Re: netfilter expected behavior for established connections

[imnozi]

On Wed, 12 Mar 2025 00:56:48 +0100
Antonio Ojea <antonio.ojea.garcia@gmail.com> wrote:

> Hi,
> 
> I'm puzzled trying to understand the following behavior, appreciate it
> if you can help me to understand better how this works.
> 
> The setup is like this:  Client --- Router --- Server
> 
> - Router DNATs to a Virtual IP and Port of the Server.
> - Client establishes a permanent connection to the Virtual IP.
> - Router adds a REJECT rule in the FORWARD hook for the Server IP
> 
> I expect the REJECT to match the established connection, but the
> client keeps reaching the Server using the existing connection.
> 
> The packets of the established connection do not show up on the traces
> using nftrace.
> 
> Is it possible to "DROP/REJECT" the established connection ?

If I understand correctly, if you want to terminate a TCP conn with iptables, you can:

  iptables -N disconn
  iptables -A disconn -p tcp -m state --state ESTABLISHED \
      -j REJECT --reject-with tcp-reset
  iptables -A disconn -j REJECT --reject-with icmp-admin-prohibited

If your other rules determine that a conn should be shut down, they should jump to chain 'disconn' which will immediately reset the the sender's end if it's a TCP conn and cause all other packets for that conn from that end to be rejected. Each end must send a TCP packet on that conn for it to be fully reset.

I've used this on my F/W for timed access. The 'instant' time moves into a prohibited span, all active connections for affected IPs are immediately shut down and blocked; not one more of their packets crosses the F/W. I also use it for blocklists.

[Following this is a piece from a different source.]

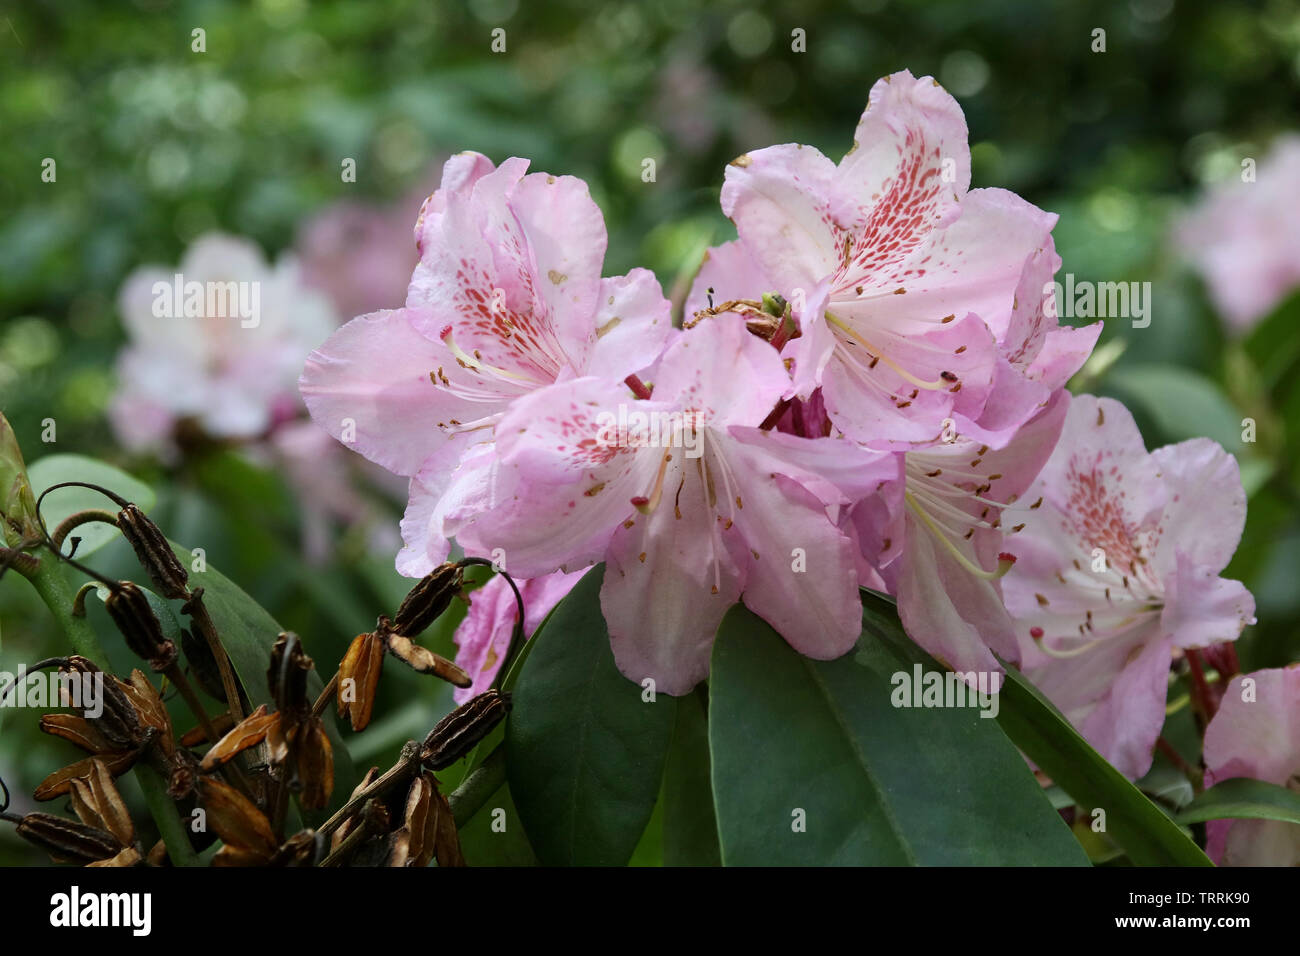 Rhododendron, Blüte, Stock Photo

I expect nftables has similar functionality.

Neal

Re: netfilter expected behavior for established connections

[Florian Westphal]

Antonio Ojea <antonio.ojea.garcia@gmail.com> wrote:
> Hi,
> 
> I'm puzzled trying to understand the following behavior, appreciate it
> if you can help me to understand better how this works.
> 
> The setup is like this:  Client --- Router --- Server
> 
> - Router DNATs to a Virtual IP and Port of the Server.
> - Client establishes a permanent connection to the Virtual IP.
> - Router adds a REJECT rule in the FORWARD hook for the Server IP
> 
> I expect the REJECT to match the established connection, but the
> client keeps reaching the Server using the existing connection.
> 
> The packets of the established connection do not show up on the traces
> using nftrace.
> 
> Is it possible to "DROP/REJECT" the established connection ?
> 
> I've created a selftest to reproduce this behavior, please find it attached.

Unfortuntely this selftest passes for me.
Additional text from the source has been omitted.